§ Given material

Segment Open

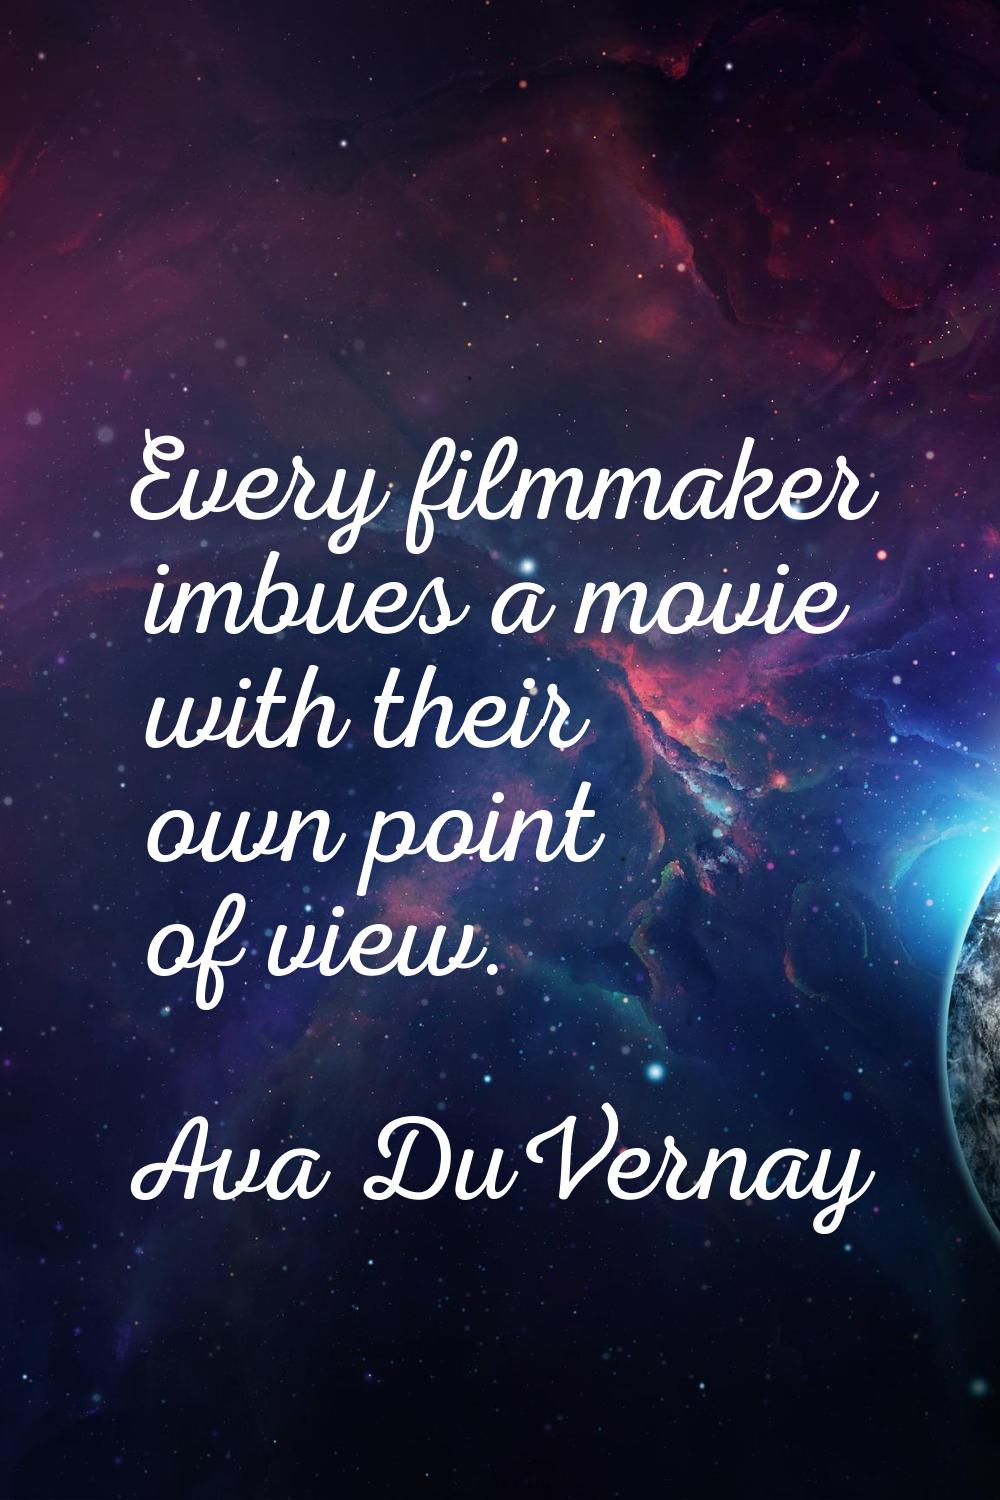 Every filmmaker imbues a movie with their own point of view.
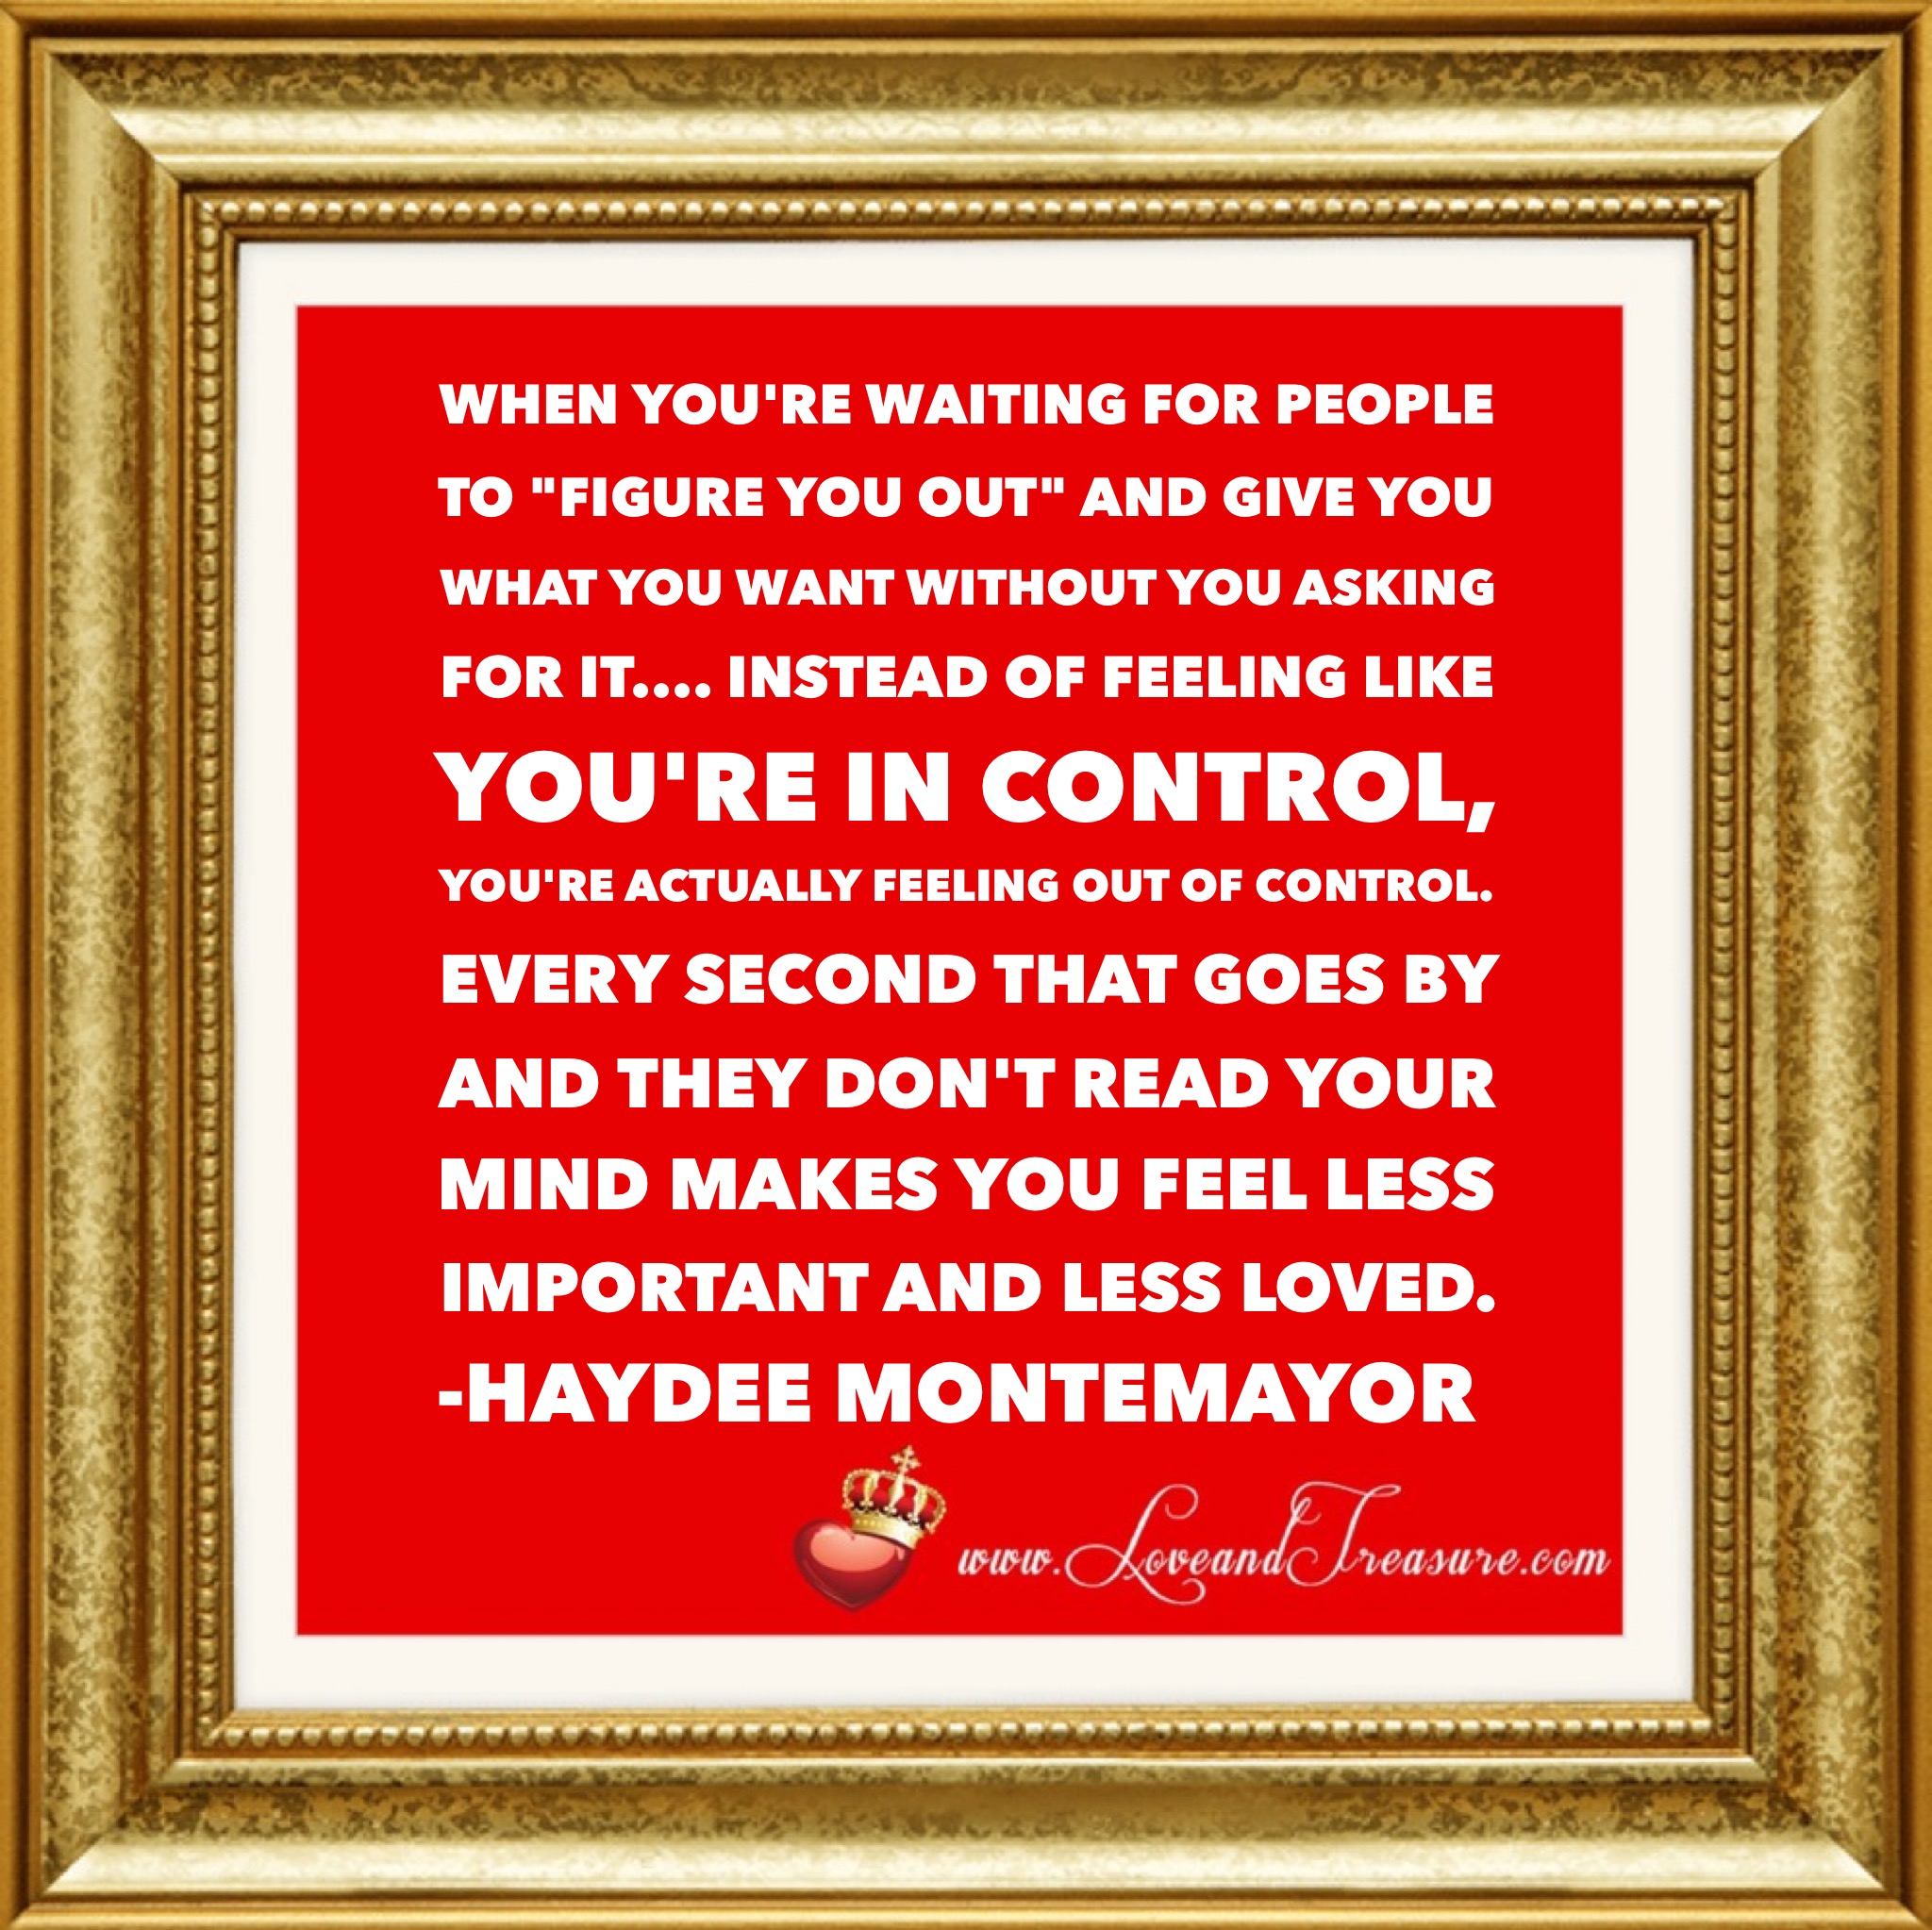 When you're waiting for people to figure you out and give you what you want without you asking for it, instead of feeling like you're in control, you're actually feeling like you're out of control. Every second that goes by and they don't read your mind makes you feel less important and less loved. Quotation by Haydee Montemayor from Love and Treasure blog at www.loveandtreasure.com
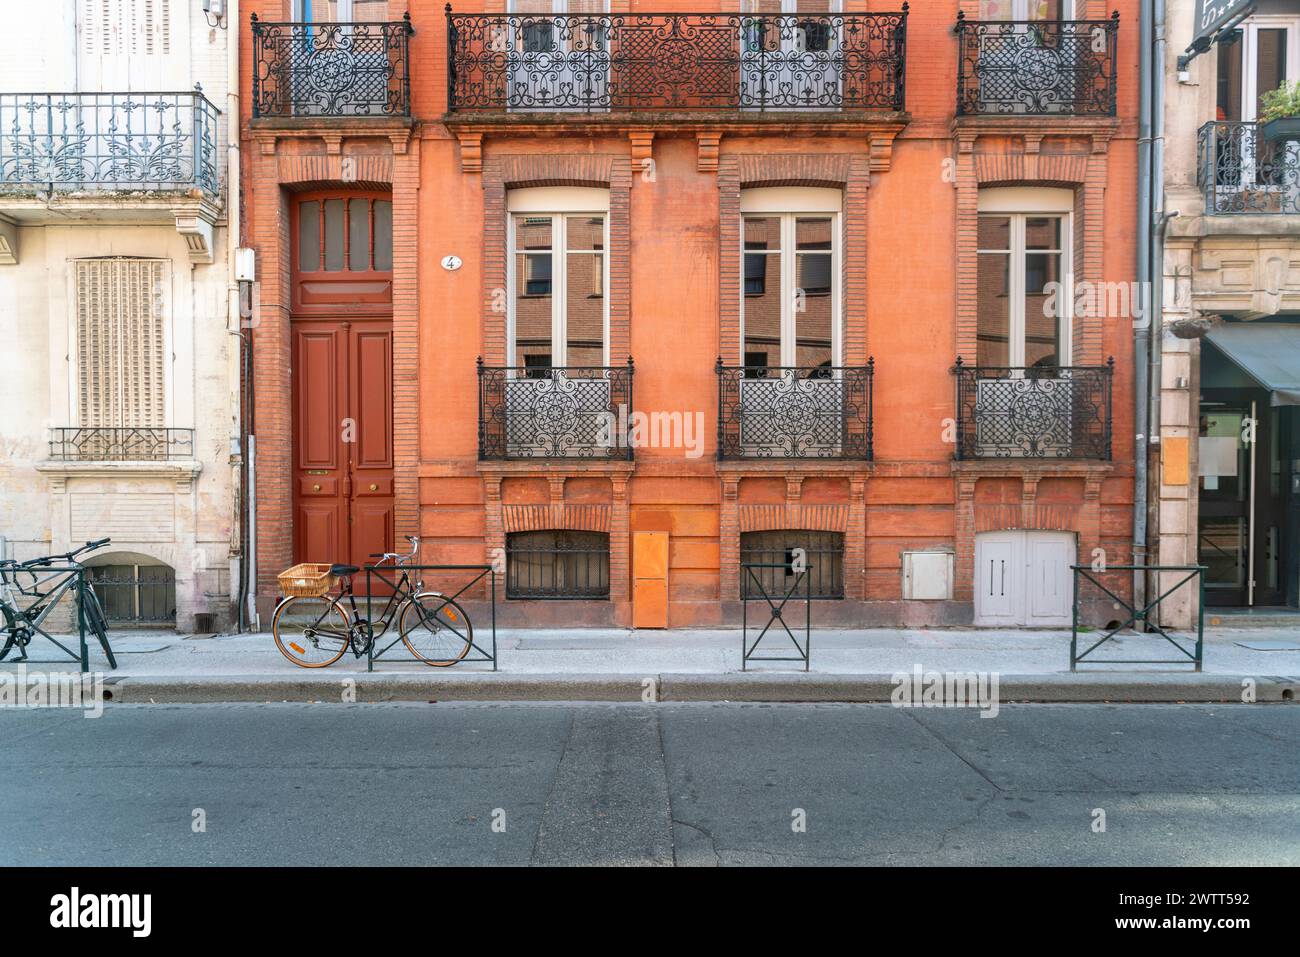 Facade or exterior of historic traditional houses in red or orange in the old city of Toulouse, France Stock Photo
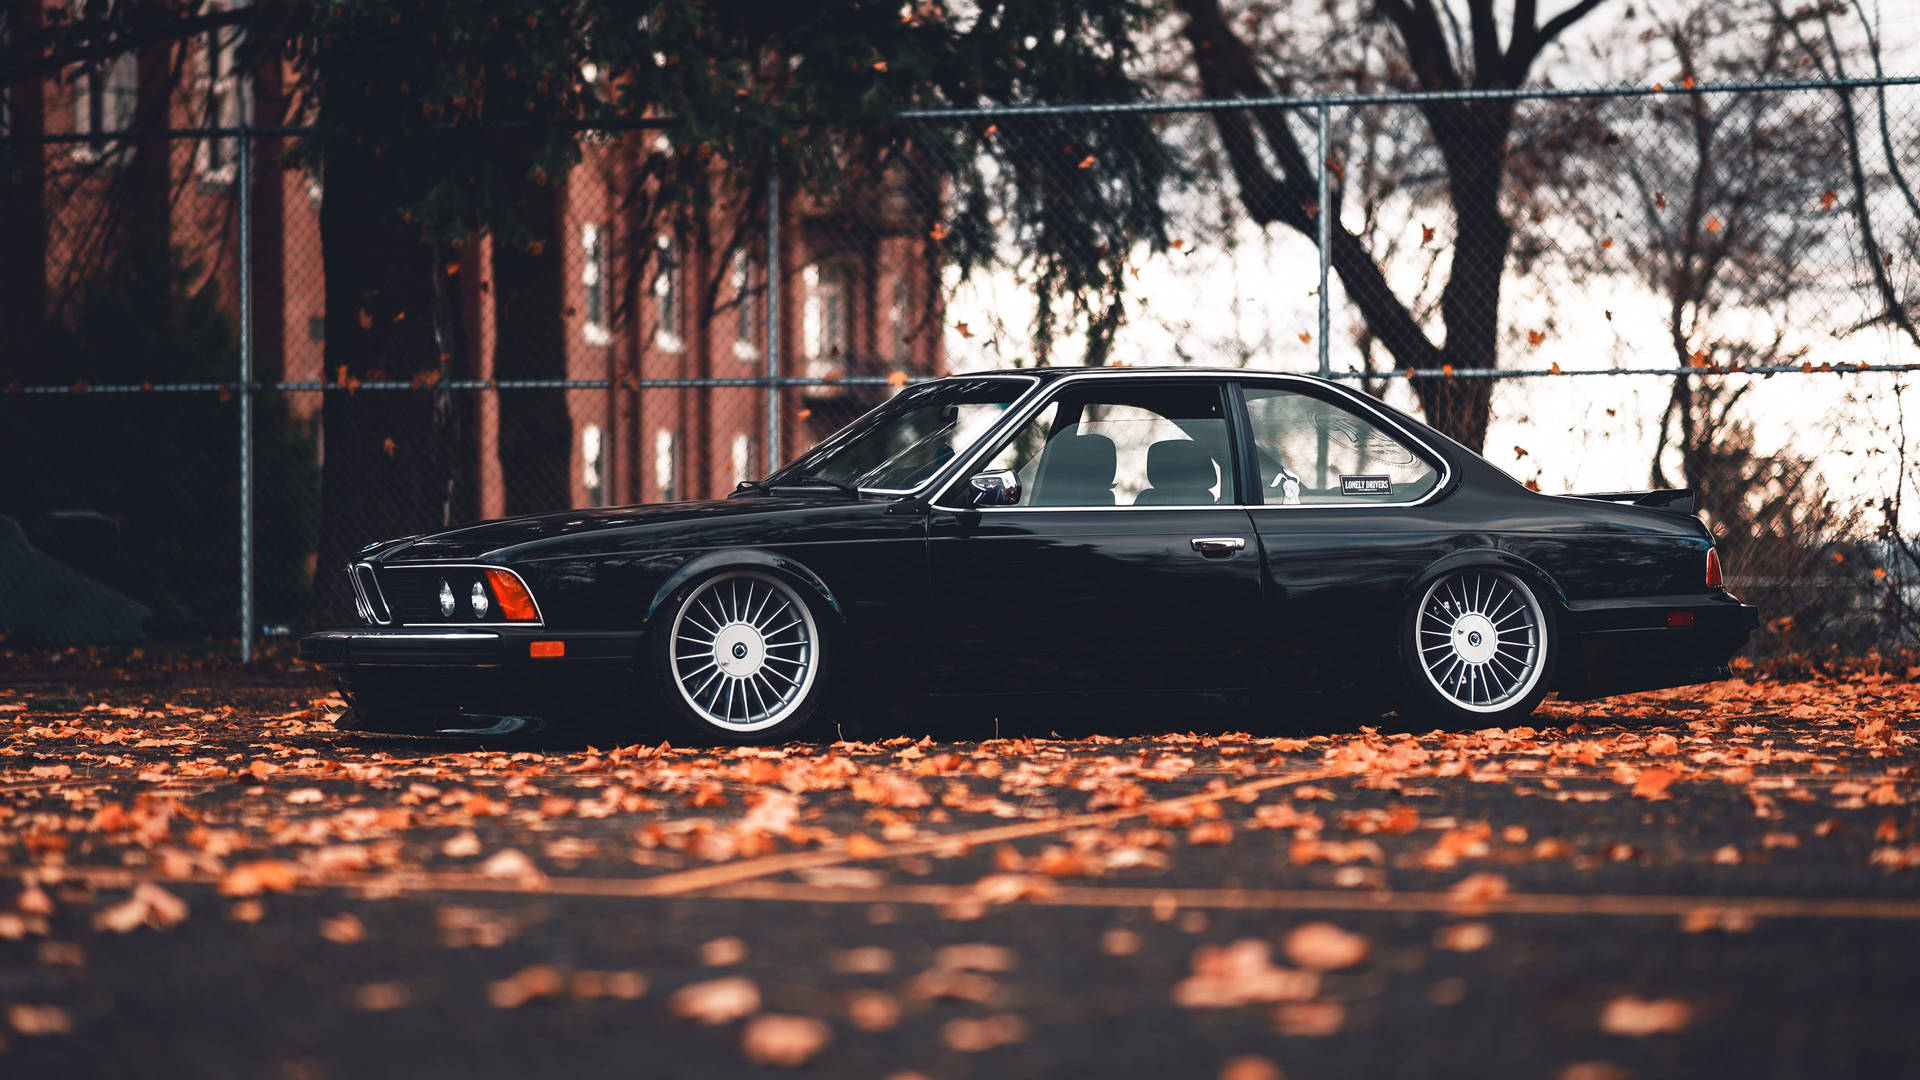 Free Classic Bmw Wallpaper Downloads, [100+] Classic Bmw Wallpapers for  FREE

Segment Closed

§ Work item
Lines from the one that holds "When you're waiting" through the final line of the material are to be duplicated exactly; no pictures belong in the copy.

§ Problem solution
 When you're waiting for people to figure you out and give you what you want without you asking for it, instead of feeling like you're in control, you're actually feeling like you're out of control. Every second that goes by and they don't read your mind makes you feel less important and less loved. Quotation by Haydee Montemayor from Love and Treasure blog at www.loveandtreasure.com
 Facade or exterior of historic traditional houses in red or orange in the old city of Toulouse, France Stock Photo
 Free Classic Bmw Wallpaper Downloads, [100+] Classic Bmw Wallpapers for  FREE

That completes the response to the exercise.